Preserving already affordable housing is one of our core strategies for addressing the Bay Area’s housing crisis and ensuring that everyone has an affordable home. Without a strategy for preserving naturally occurring affordable housing in California, we are putting at risk thousands of renters who are predominantly people of color with low incomes.
We are proud to support this bill to establish the Community Anti-Displacement and Preservation Program (CAPP). CAPP would provide funding for the acquisition and rehabilitation of unrestricted housing units while attaching long-term affordability restrictions to prevent the displacement of current residents. This is a creative and common-sense preservation strategy to protect affordable housing.

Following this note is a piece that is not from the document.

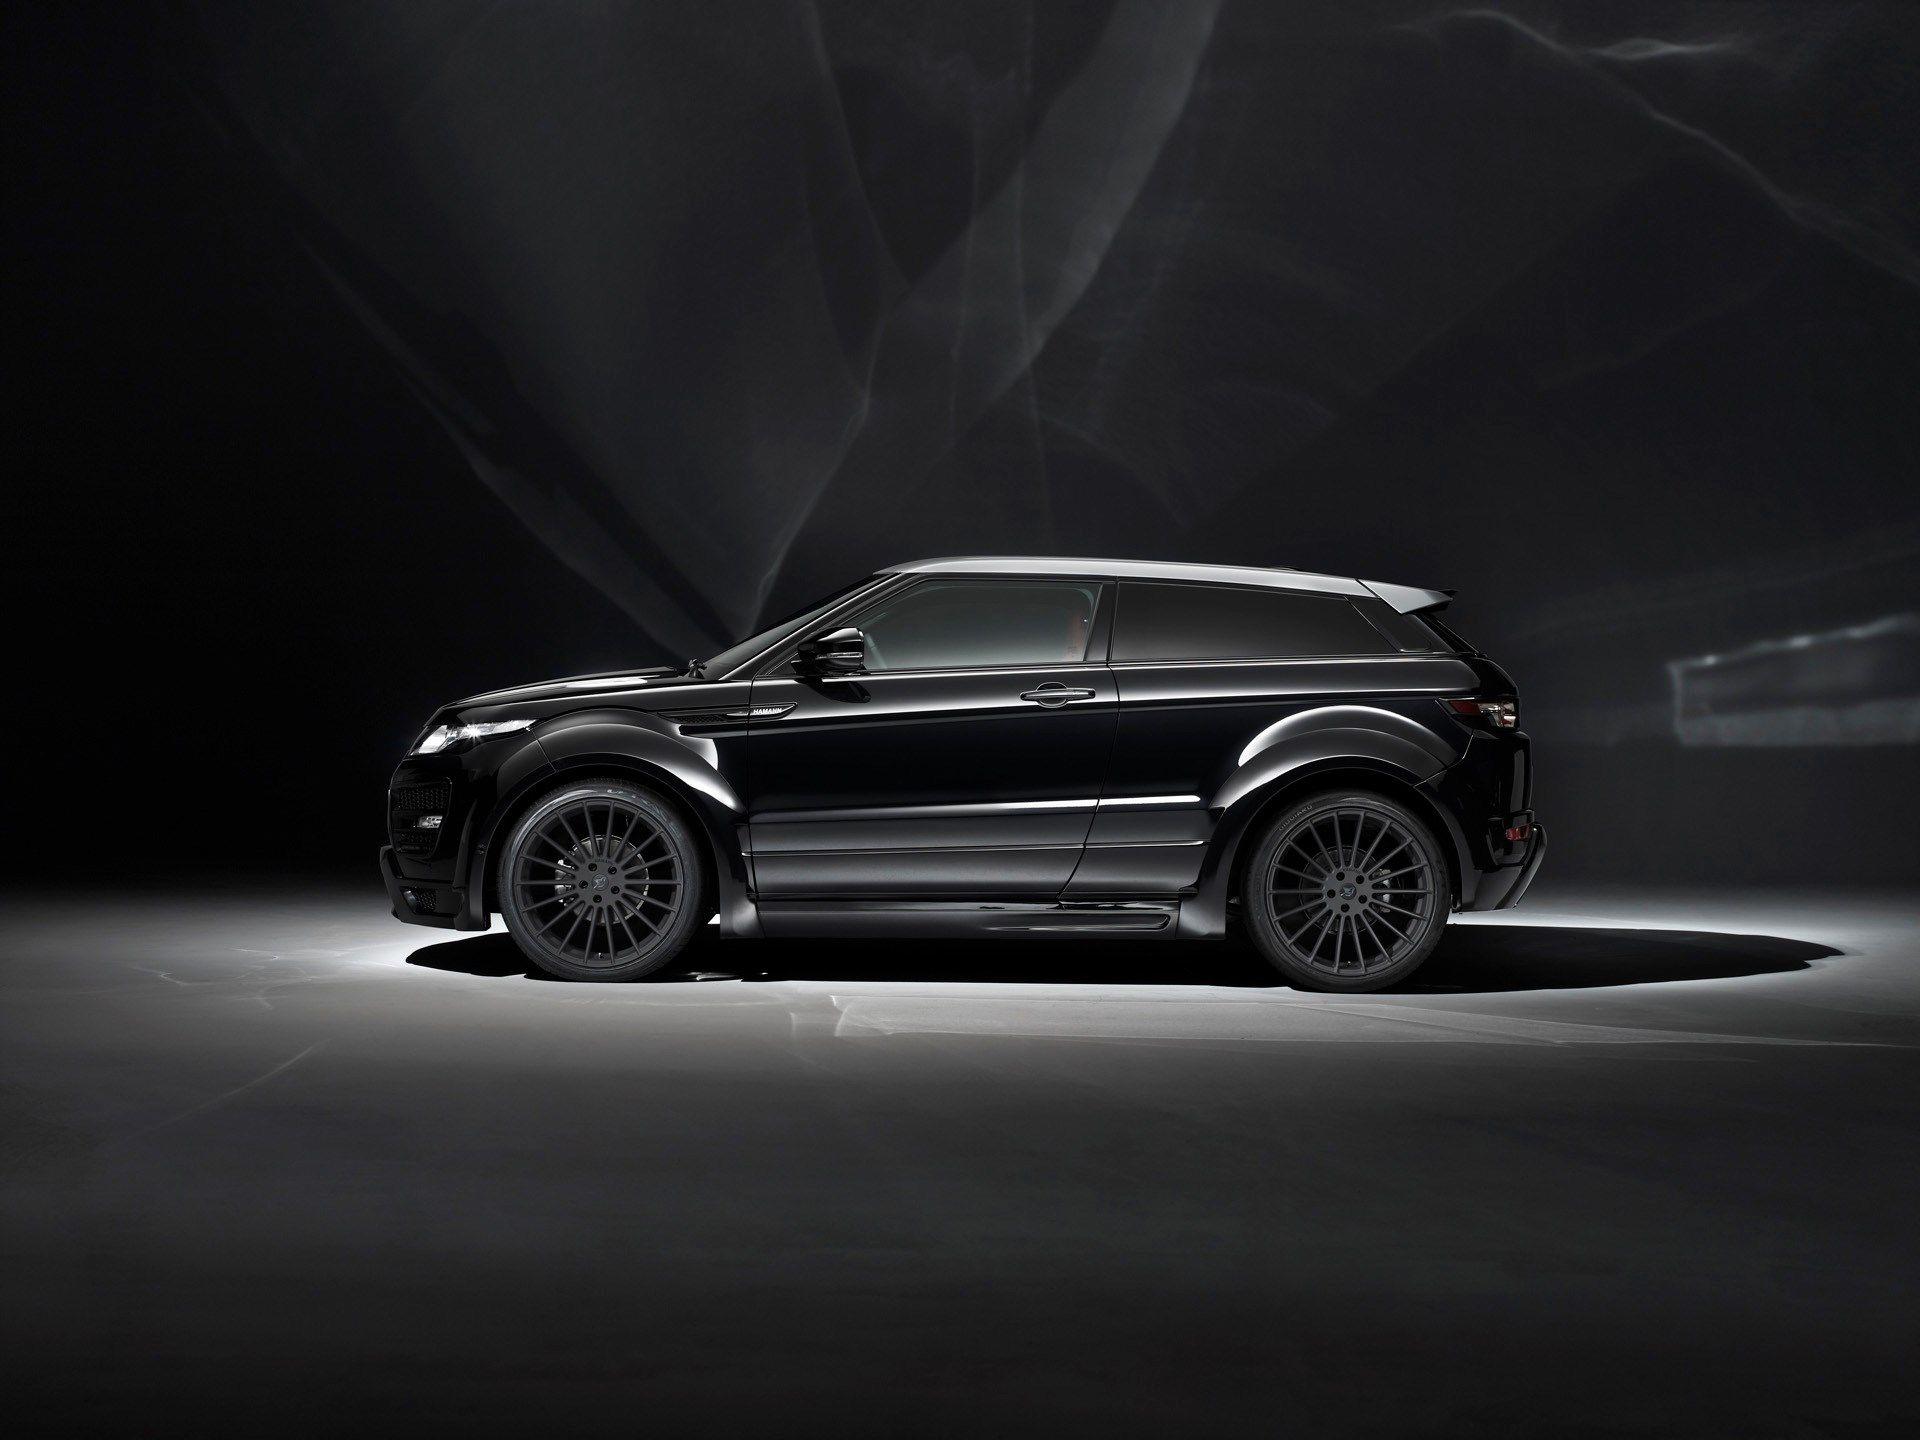 2011 land rover dc100 concept side 2 1280x960 wallpaper - 2012 Hamann Range Rover Evoque Suv Tuning D Wallpaper Background

Our Letter of support is excerpted below:
A study from Enterprise Community Partners found that the San Francisco Bay Area lost an annual 32,000 unsubsidized rental homes previously affordable to low-income households over just five short years, and thousands more units are at risk of losing affordability over the next two years.
Acquisition and preservation of unsubsidized affordable housing has proven to be a successful local model to prevent displacement and homelessness and grow the supply of affordable housing. Moreover, acquisition preservation creates new affordable homes immediately, since the buildings are already built. These projects generally close in several months, rather than years. Currently, only a limited patchwork of local resources are available to do this work, and only a select number of communities are able to utilize this important strategy.
SB 225 would establish a unique state program to provide the resources that community organizations, affordable housing developers, and local jurisdictions need to acquire unsubsidized rental housing from the private market where tenants are at risk of displacement and to preserve the housing as affordable rental housing or homeownership opportunities. CAPP will prevent displacement and homelessness by stabilizing low-income families in their communities, while also growing California’s supply of deed-restricted affordable homes for the future.
Read the entire letter.
We are proud to support our partners – Enterprise Community Partners, Housing California, and Public Advocates – who are co-sponsors of this legislation.